But in fact it’s my grandad’s mum; my great grandmother Florence Wilkins (née Norton) who was the great dressmaker of the family. This is her, with my great grandfather William Henry – judging from the clothes they are at a wedding, it may well have been my grandparents’. They married on leap day in February so that would fit with the fur collared coat!

great grandparents

I love this photo, for a few reasons. I like that the couple are not both looking at the camera; Florence’s attention is slightly to the right of the person taking the photo. William’s expression is fascinating, managing to look serious and yet with a quirk of a smile. But mostly I love how smartly dressed Florence is, with the perfectly fitted fur-collar coat, gloves and handbag just-so on her arm.

Sadly I never knew her, but both nan and mum have painted a picture with their anecdotes.
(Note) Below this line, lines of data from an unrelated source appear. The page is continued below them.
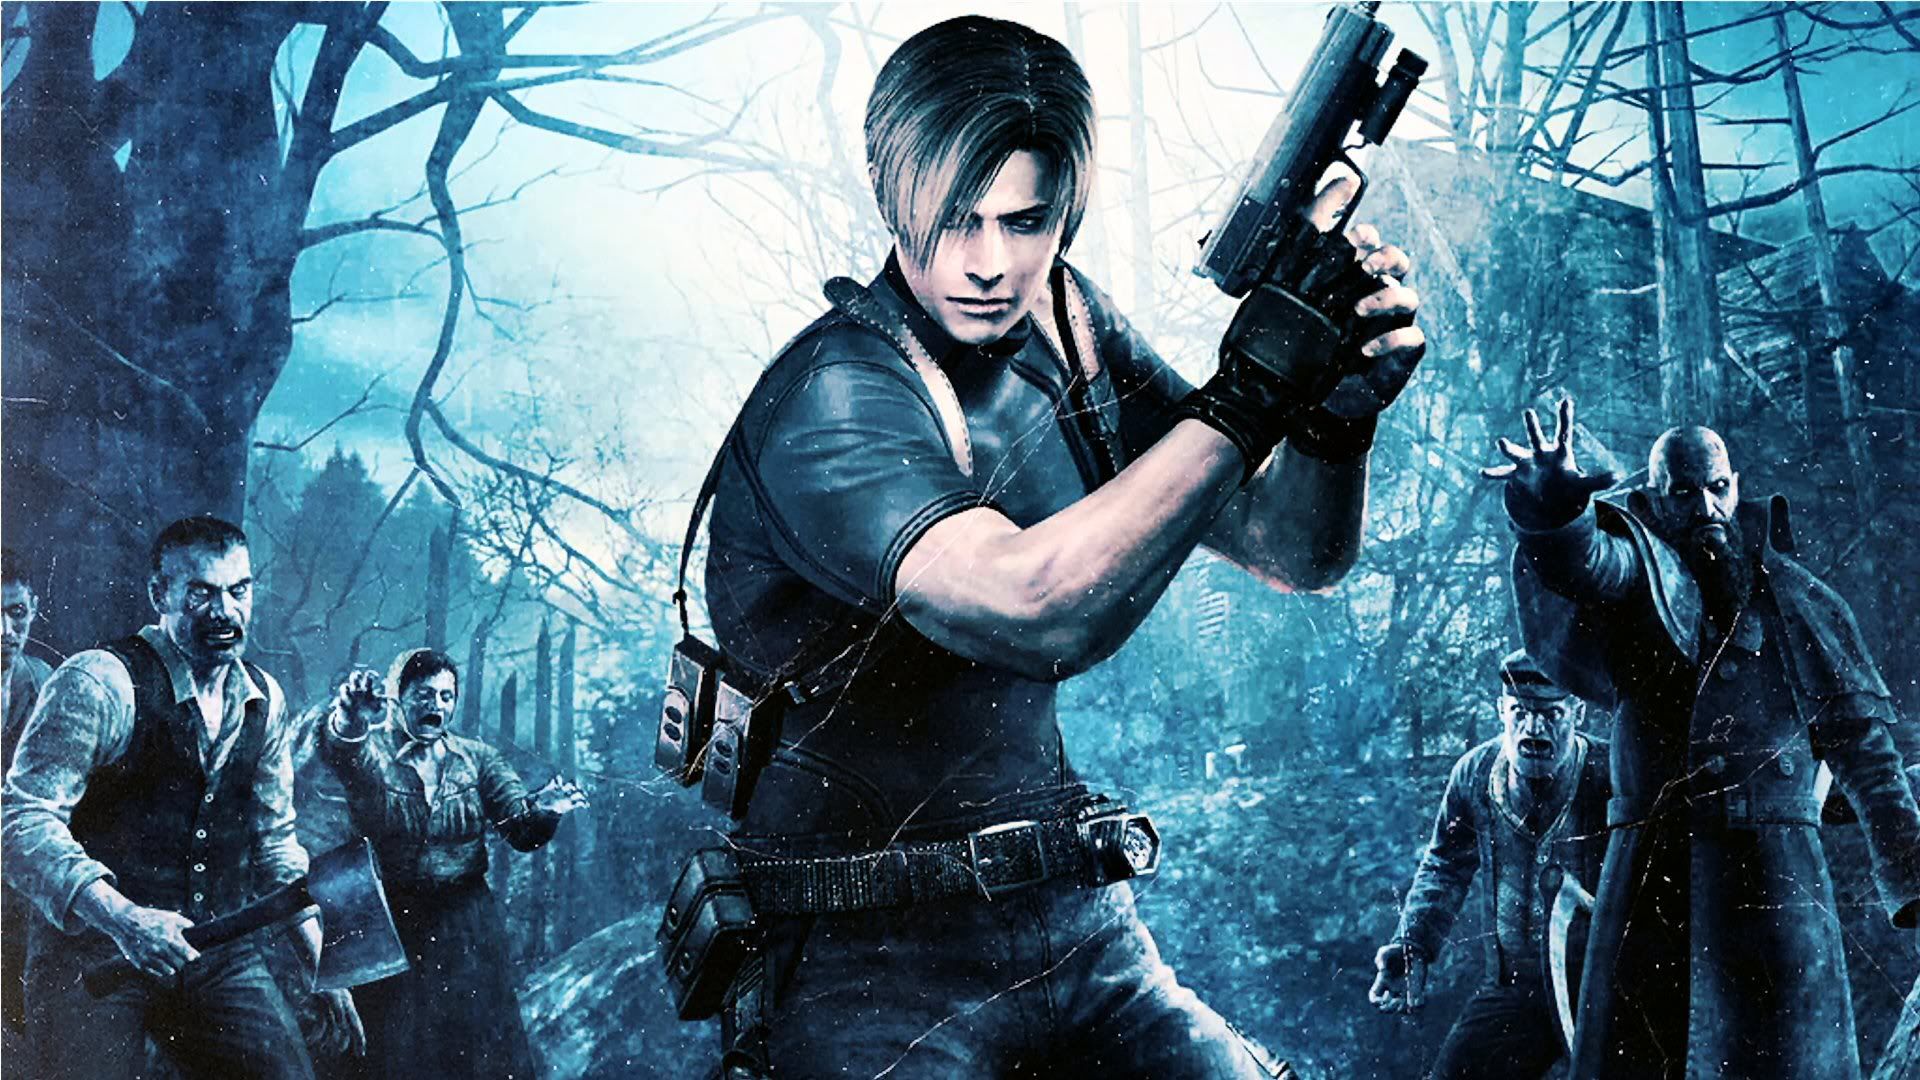 Personnages Resident Evil 4 : Léon, Ashley, Ada... Qui sont leurs voix en VO et en VF ?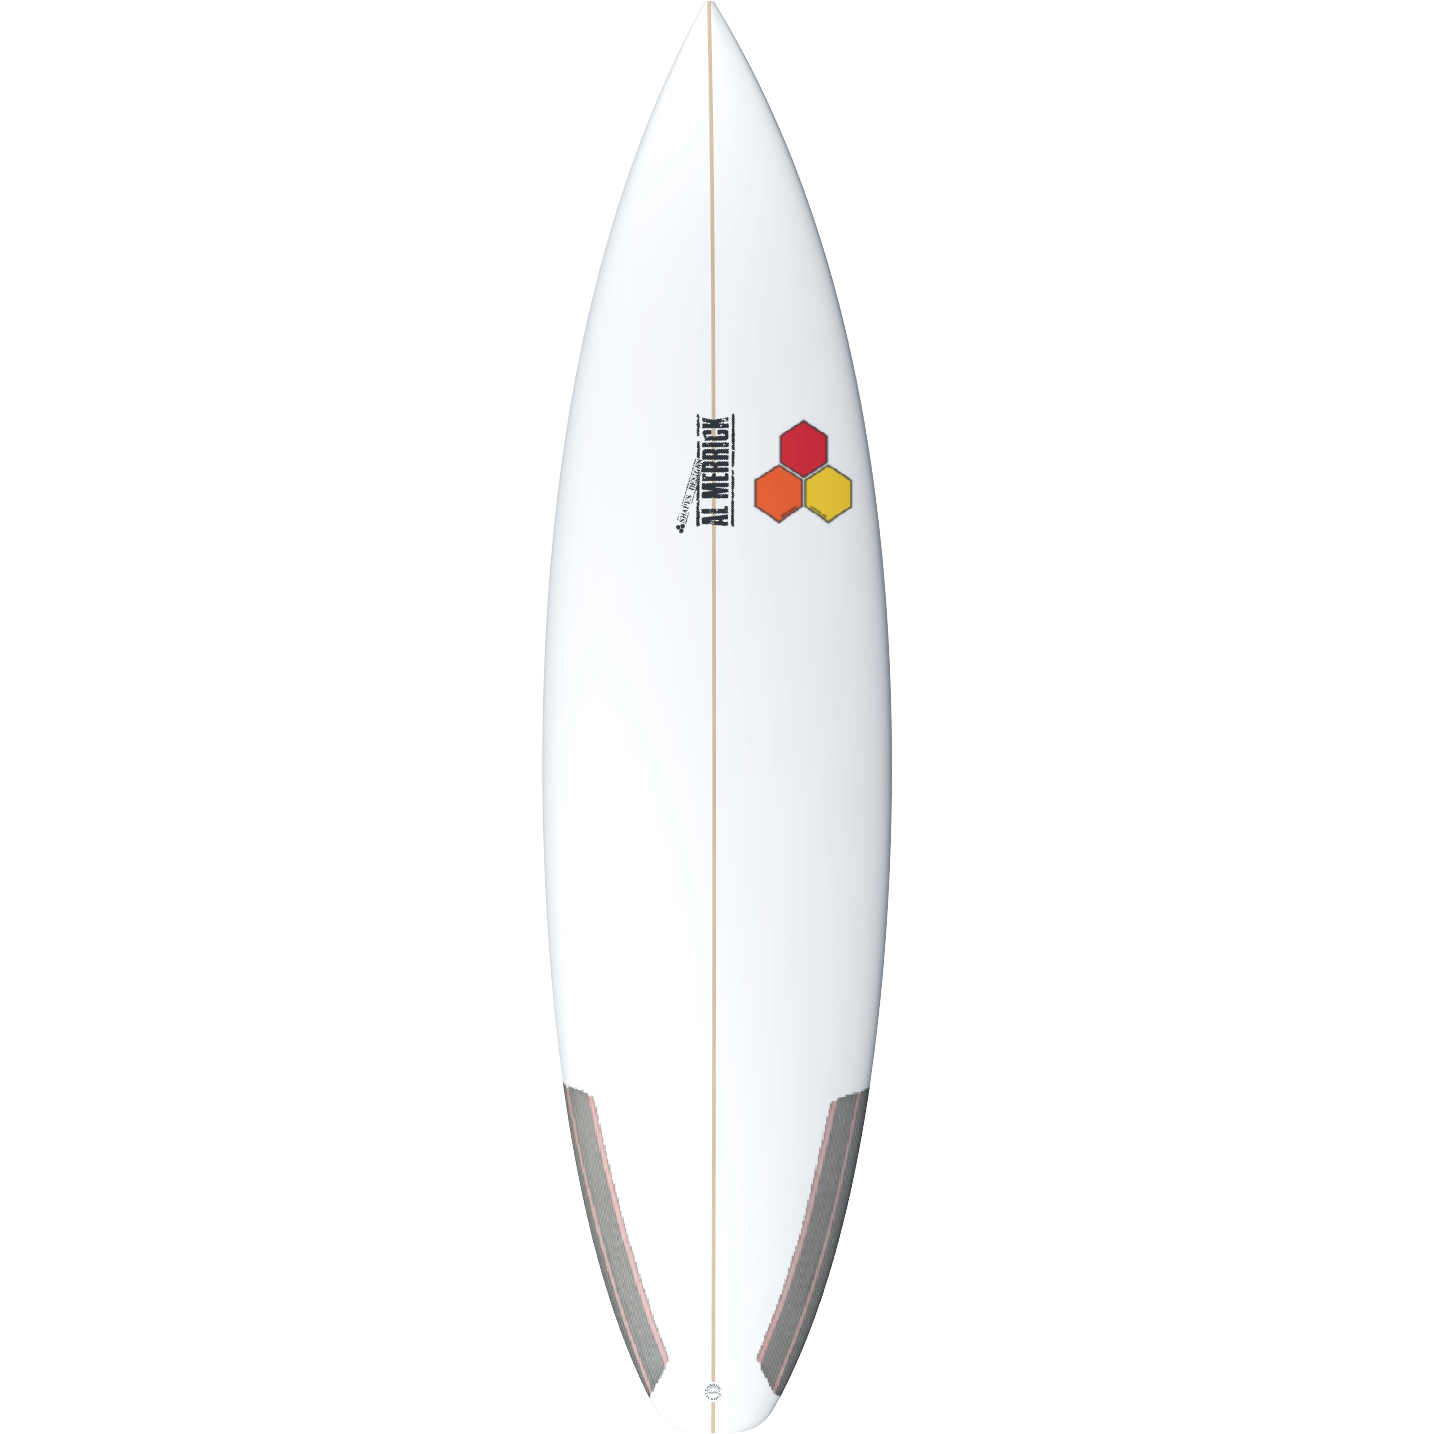 Channel Islands - Proton Surfboard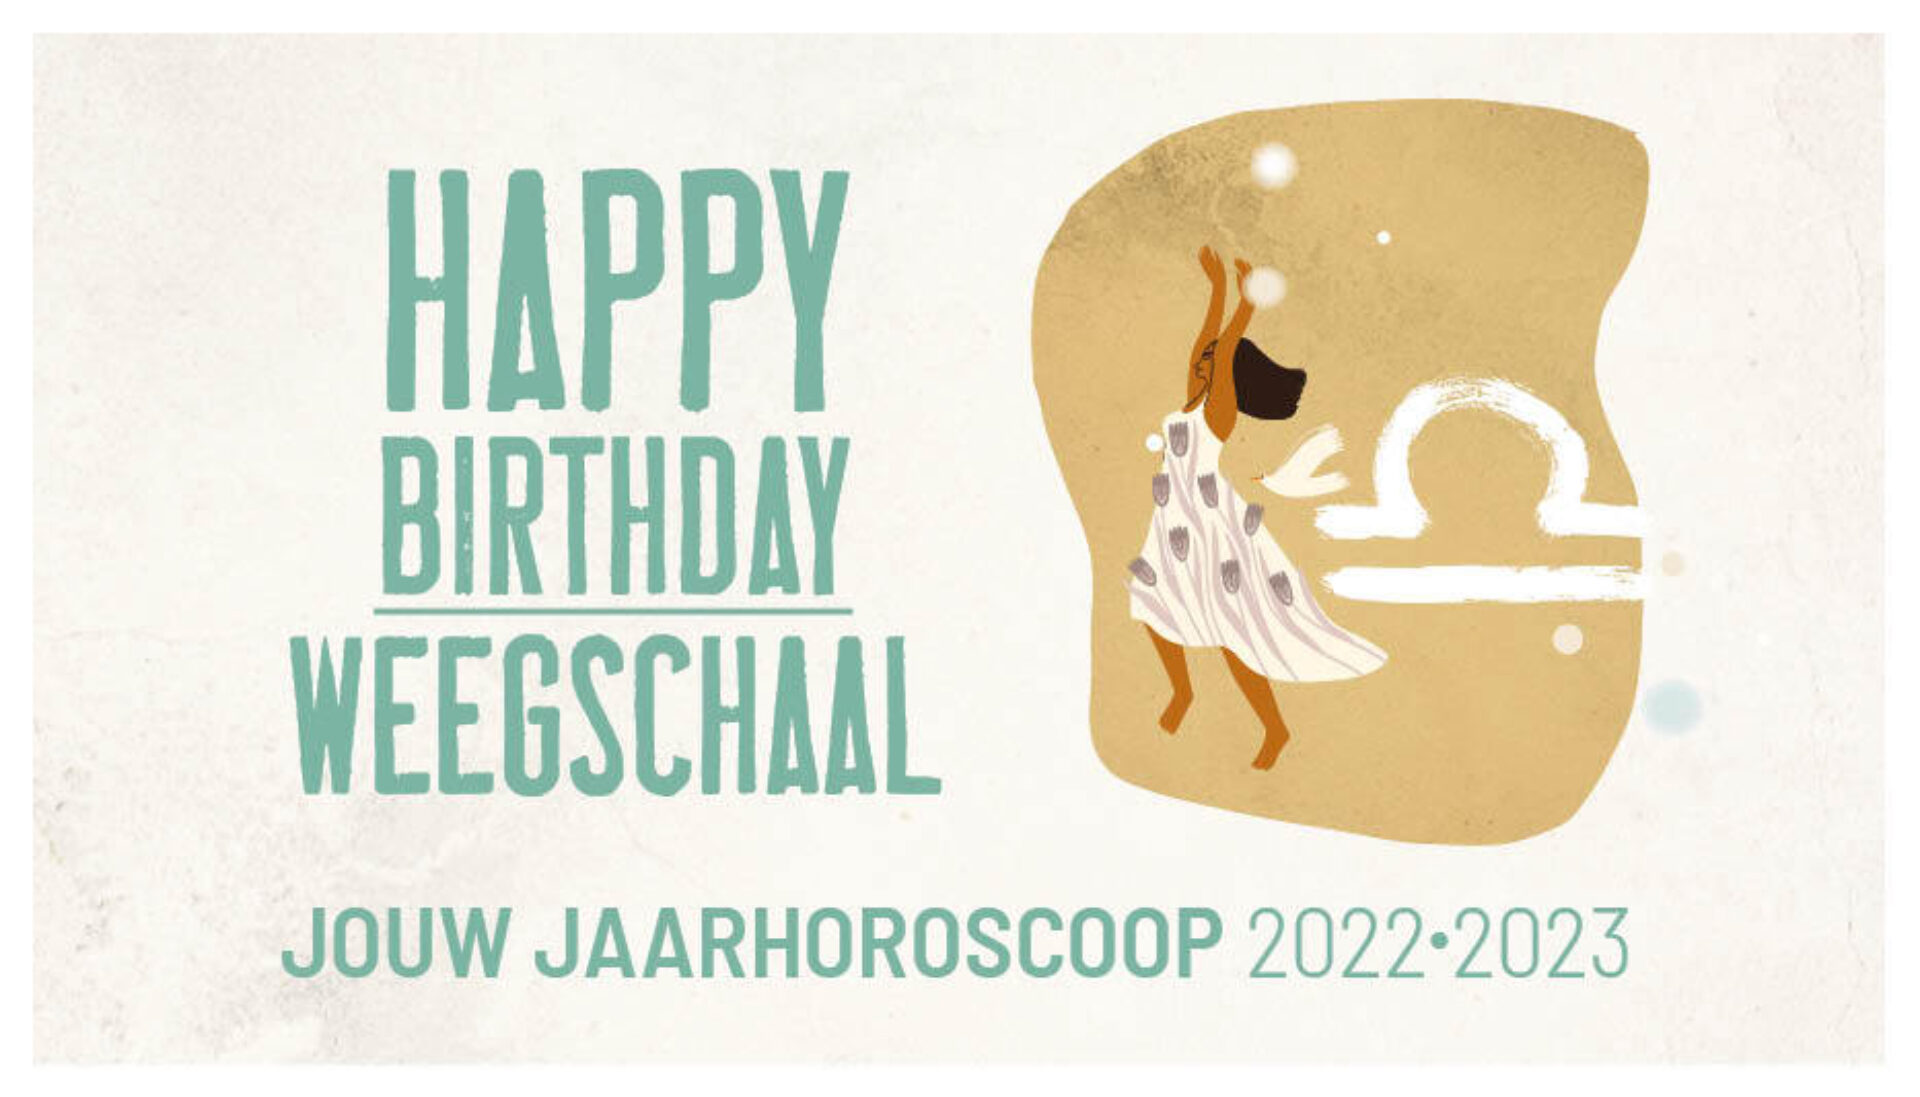 Jaarhoroscoop Weegschaal 2022-2023: gelukkige verjaardag!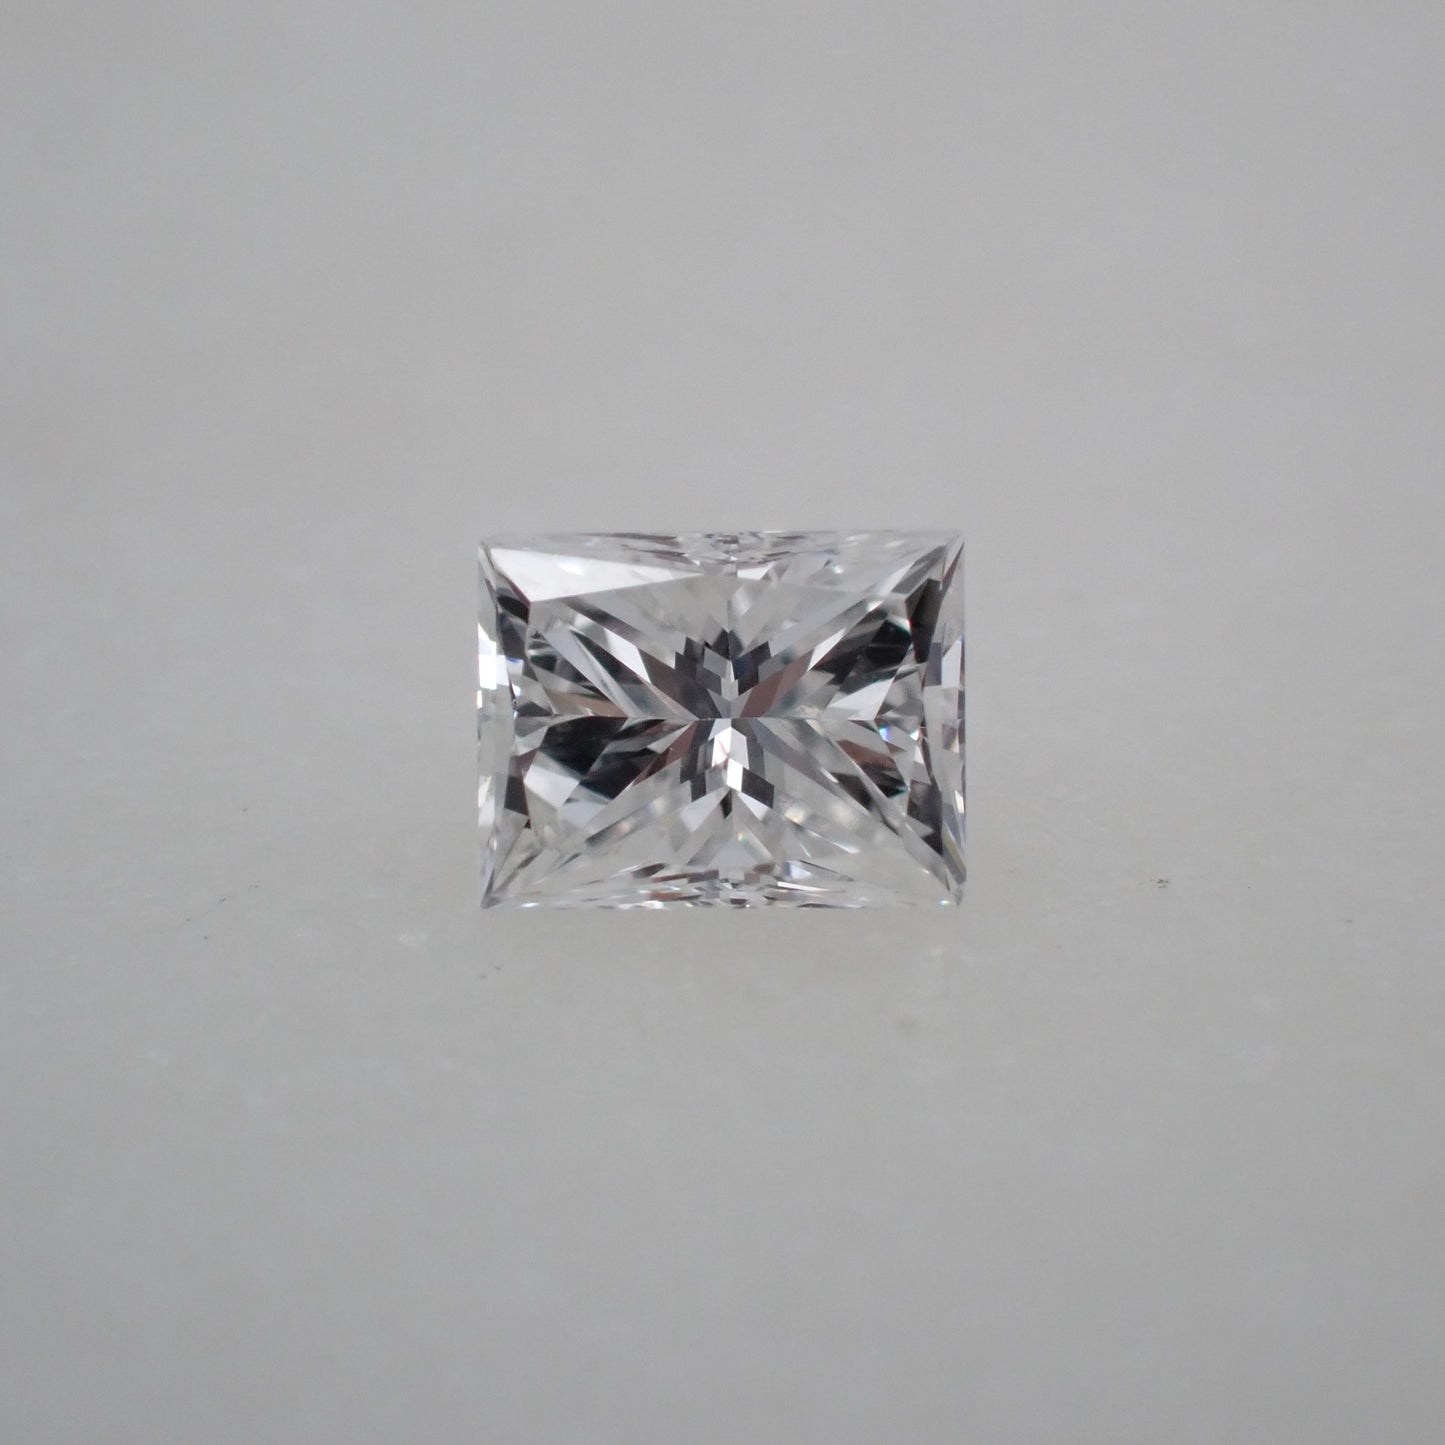 Recycled Diamond - Rectangular Princess Cut - 0.26ct

She was a prolific seamstress, making every kind of garment for every member of the family, from pyjamas to wedding dresses. If you showed her a picture in a magazine she could make up an almost identical garment in a few days. Often she would just make things for people as well, and had a great eye for their preferred styles and what would suit them. The room she used for sewing was always draped all around the walls with fabric, work-in-progress and finished pieces. And she frequented the rag market and the other fabric institutions of Birmingham. Nan says she never said “fabric” though, she’d always say “I found a lovely bit of stuff for you today at the market” and before you knew it that had become a skirt or a blouse. Mum remembers her making a bright purple velvet party dress when she was a little girl, and knowing that no one else would be wearing a dress quite like hers!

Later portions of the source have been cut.